Adversarial benchmarks validate model abilities by providing samples that
fool models but not humans. However, despite the proliferation of datasets that
claim to be adversarial, there does not exist an established metric to evaluate
how adversarial these datasets are. To address this lacuna, we introduce
ADVSCORE, a metric which quantifies how adversarial and discriminative an
adversarial dataset is and exposes the features that make data adversarial. We
then use ADVSCORE to underpin a dataset creation pipeline that incentivizes
writing a high-quality adversarial dataset. As a proof of concept, we use
ADVSCORE to collect an adversarial question answering (QA) dataset, ADVQA, from
our pipeline.
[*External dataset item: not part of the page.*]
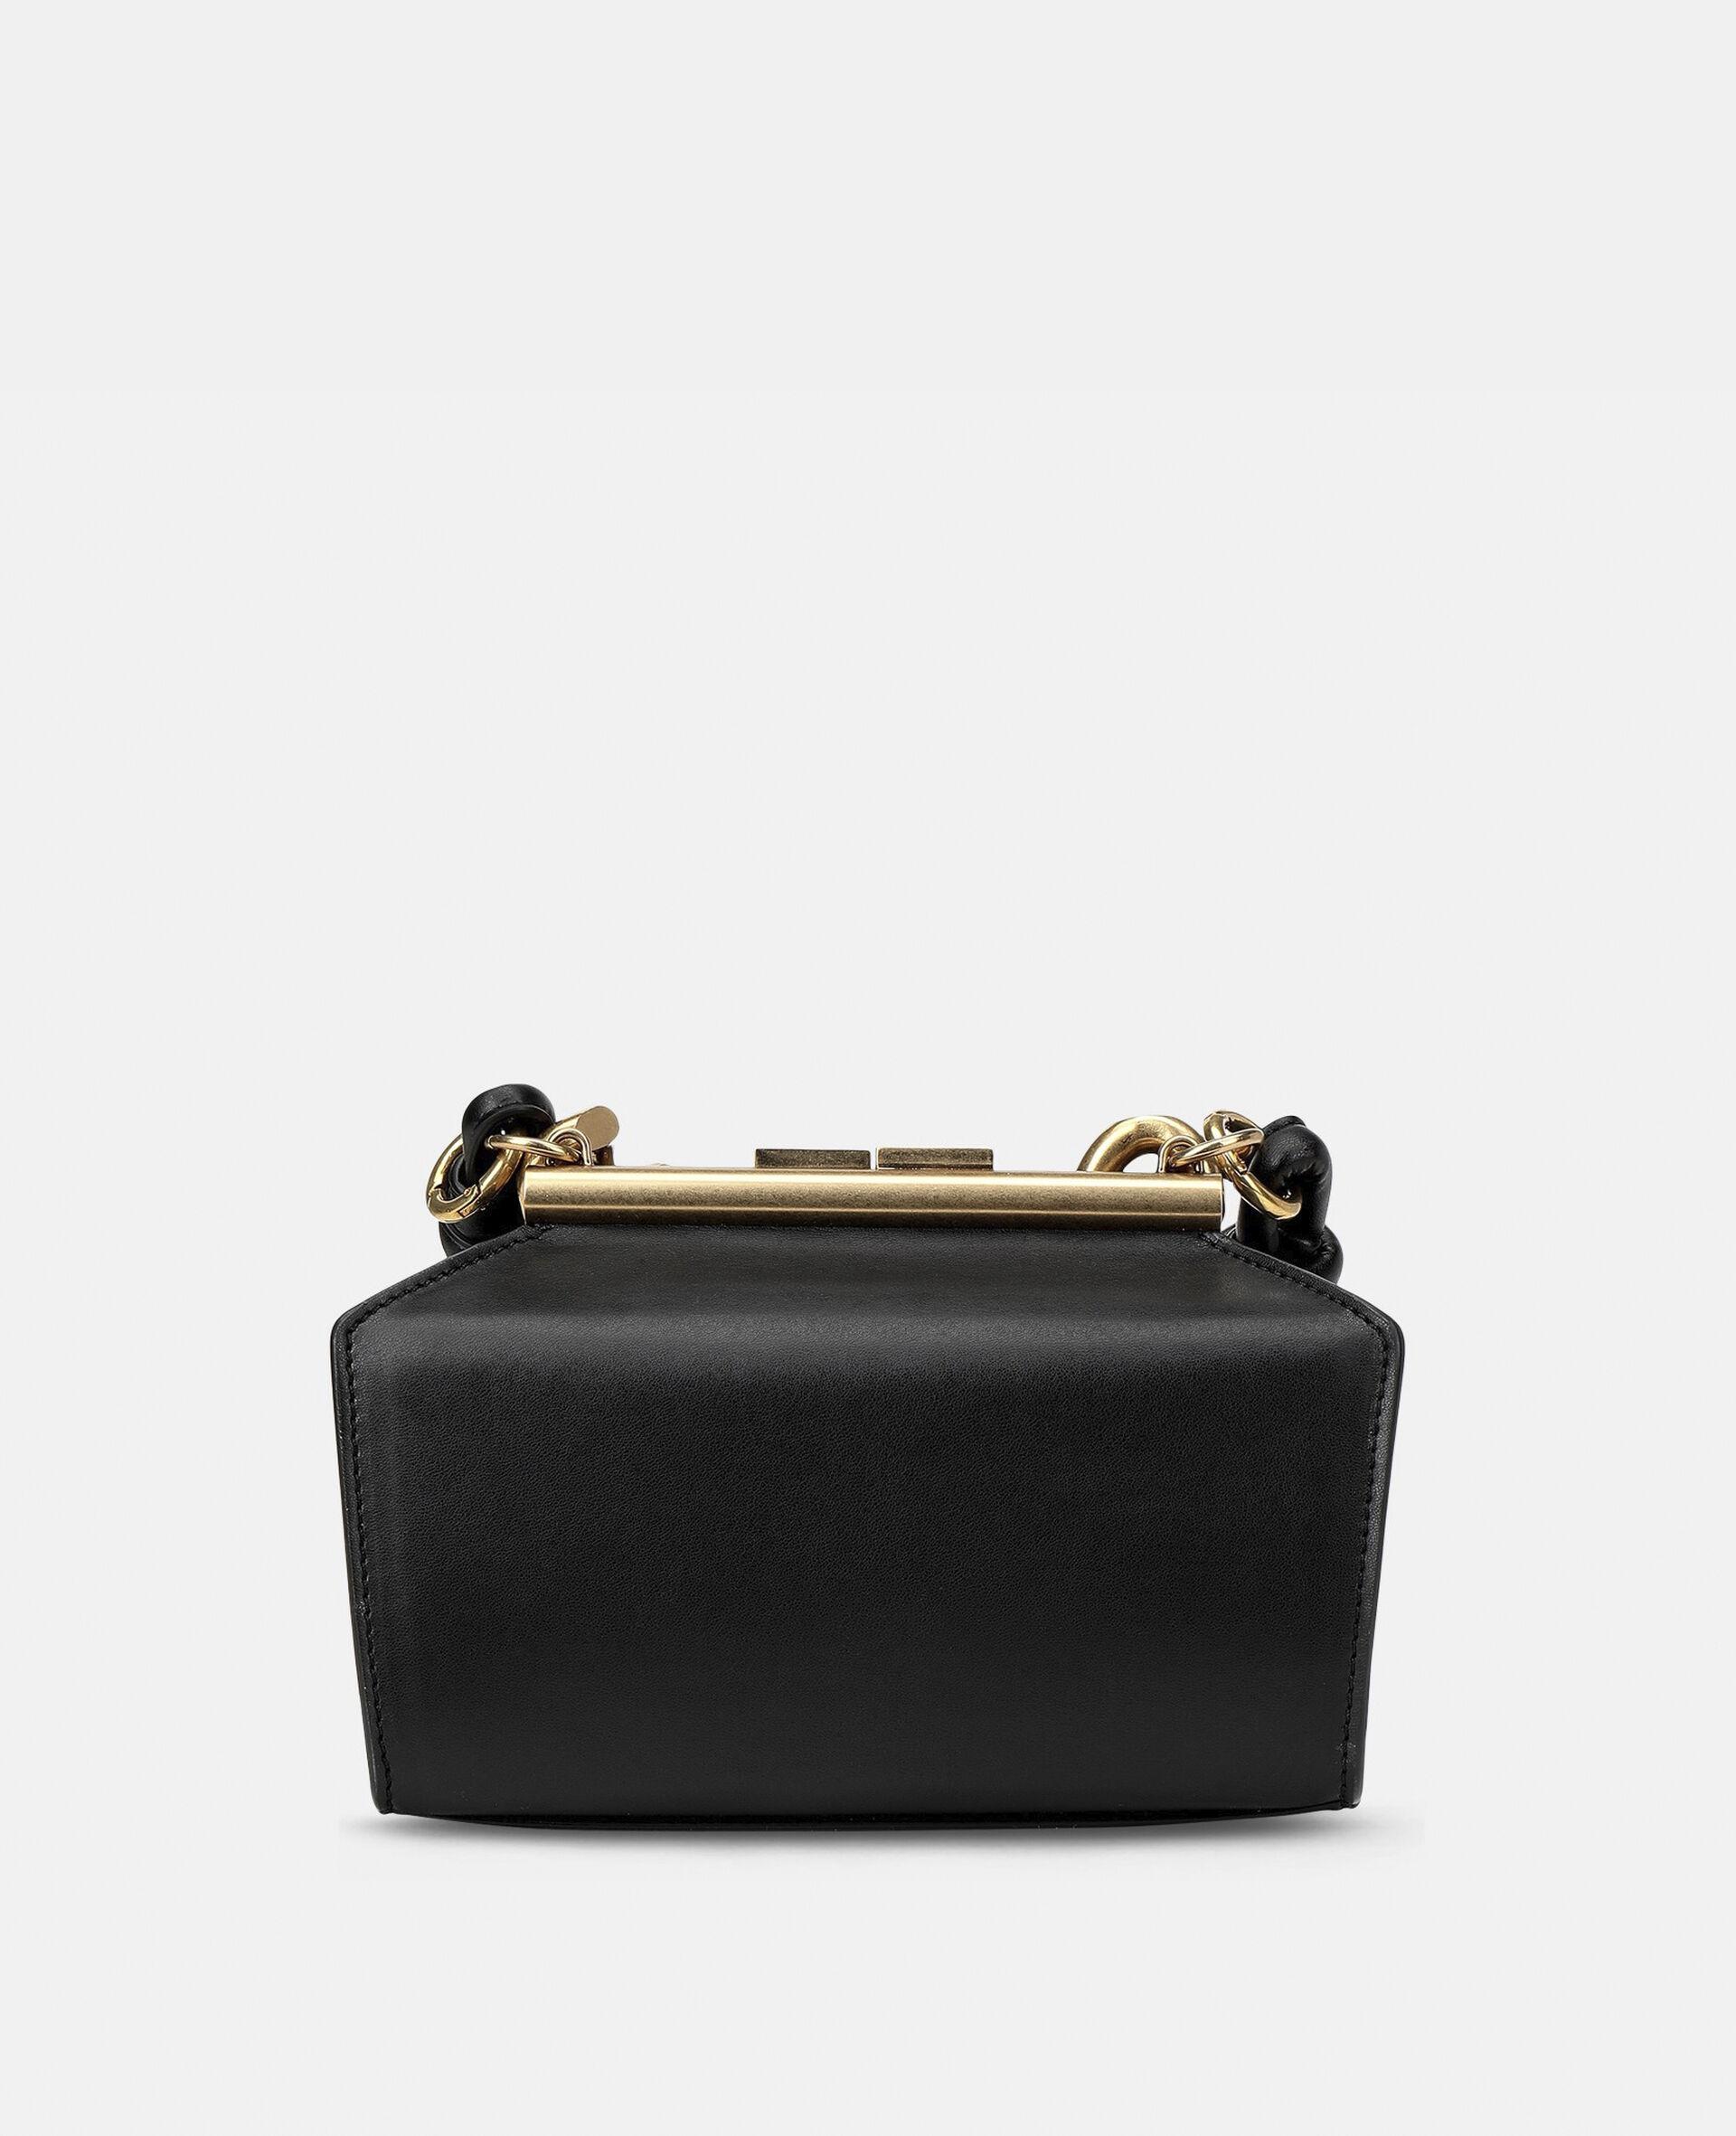 Petit sac avec bandoulière chaîne épaisse-Noir-large image number 2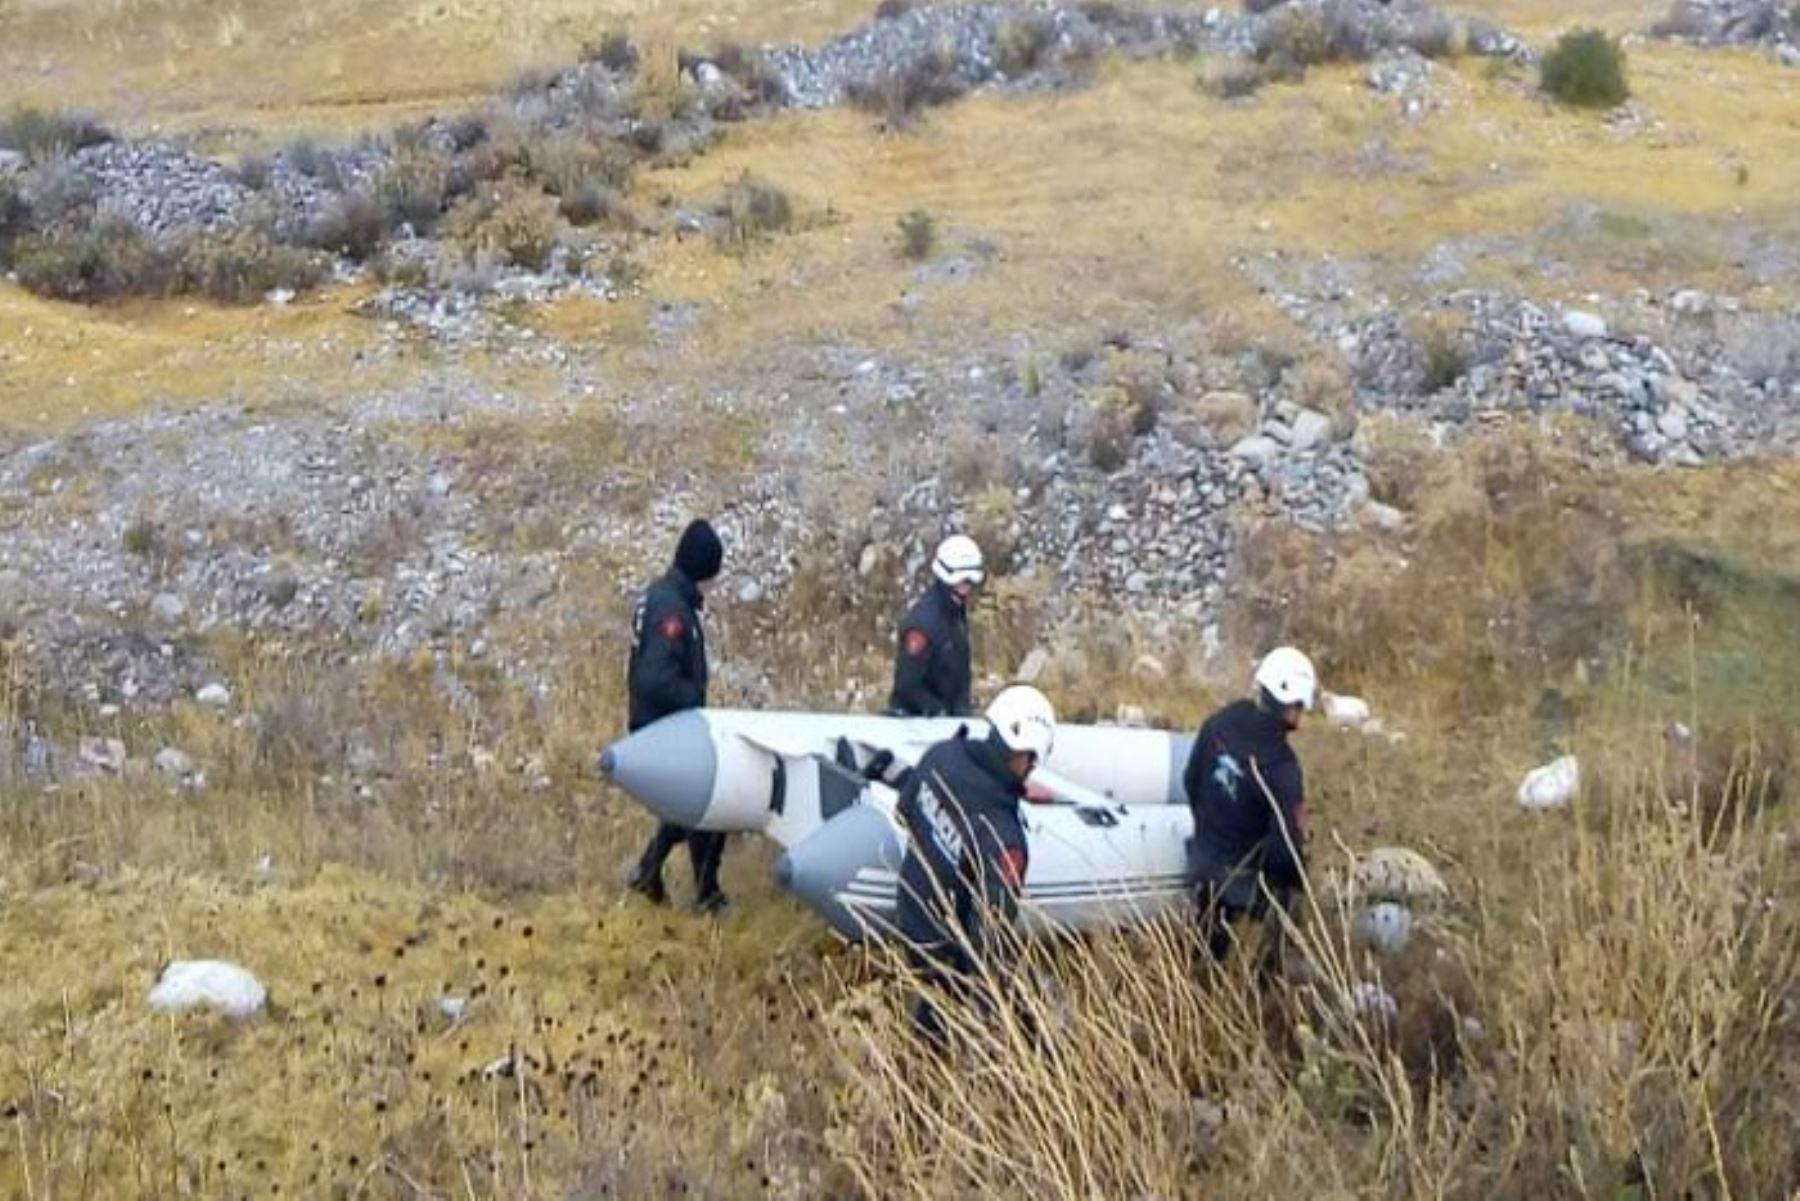 Policías rescatan cadáver de chofer del auto que cayó al río Mantaro en La Oroya

The high-quality questions in ADVQA surpasses three adversarial
benchmarks across domains at fooling several models but not humans. We validate
our result based on difficulty estimates from 9,347 human responses on four
datasets and predictions from three models. Moreover, ADVSCORE uncovers which
adversarial tactics used by human writers fool models (e.g., GPT-4) but not
humans. Through ADVSCORE and its analyses, we offer guidance on revealing
language model vulnerabilities and producing reliable adversarial examples.

通过 ADVSCORE 量化和揭示数据集的对抗特征，同时使用 ADVSCORE 评估高质量对抗数据集，验证其在愚弄模型而不愚弄人类方面的能力，并揭示人类写作所使用的愚弄模型而不愚弄人类的对抗策略，从而指导揭示语言模型的弱点和生成可靠的对抗样本。